Now let's explore how the standard deviation is related to the width of the distribution.  We'll define a new function, which makes the plot and then shades in the region $\mu-N\sigma$ to $\mu+N\sigma$, where $N$ is an argument of the function.

In [None]:
def plot_one_with_sigma(mu,sigma,N):
    d = plot_one(mu,sigma)
    x = np.linspace(mu-N*sigma,mu+N*sigma,100)
    plt.fill_between(x, 0.0, d.pdf(x), facecolor='0.6',edgecolor='none')
    return d

Let's try if for $N=1$.

In [None]:
d = plot_one_with_sigma(0.0,1.0,1)

Now let's make $\mu=4$, $\sigma=1$, and shade the region $\mu\pm2\sigma$.

In [None]:
d = plot_one_with_sigma(4.0,1.0,2)

Another convenient measure of the width is the *Full-Width-Half-Max* (FWHM):

    1. Draw a horizontal line halfway between 0 and the maximum value of the distribution.
    
    2. The width of the region in which this horizontal line is under the curve is the (FWHM).

In [None]:
d = plot_one_with_sigma(4.0,1.0,1)
half_max = 0.5*d.pdf(d.mean())
plt.axhline(half_max,0,1,linestyle=':',color='red')

<i class="fa fa-pencil" style="color:red; font-size:1.5em"></i> **Question:** (edit this cell to provide an answer)  How does the FWHM compare to $\sigma$?
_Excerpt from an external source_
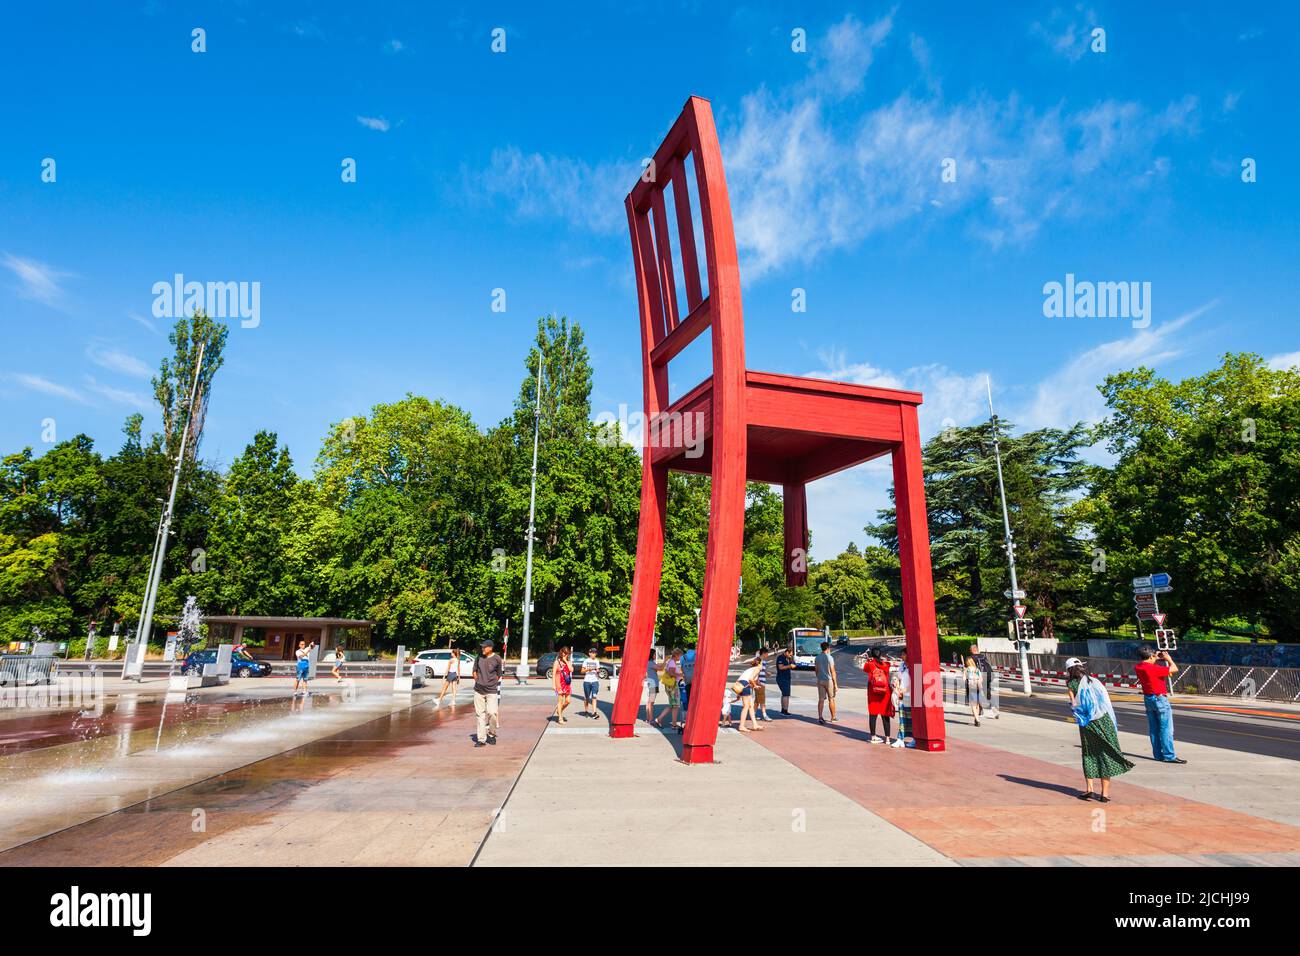 Genève, SUISSE - Le 20 juillet 2019 : Rupture de la chaise ou chaise Cassee est une sculpture en bois par l'artiste suisse Daniel Berset et Louis Geneve à Genève Banque D'Images

The probability that $x$ lies between two values, call them $x_L$ and $x_H$, is given by the integral over the distribution:
\begin{equation}
p(x_L < x < x_H) = \int_{x_L}^{x_H} \prob{x}\,\dif x
\end{equation}
Thus, the probability that $x$ is within one standard deviation of the mean, $p(\mu-\sigma < x < \mu + \sigma)$, is the shaded area in the following plot.

In [None]:
d = plot_one_with_sigma(3.0,2.0,1)

The shaded region has 68% of the total area under the curve.  In other words, if our measurement error follows a normal distribution, then if we make repeated measurements 68% of them will lie within one standard deviation of the mean.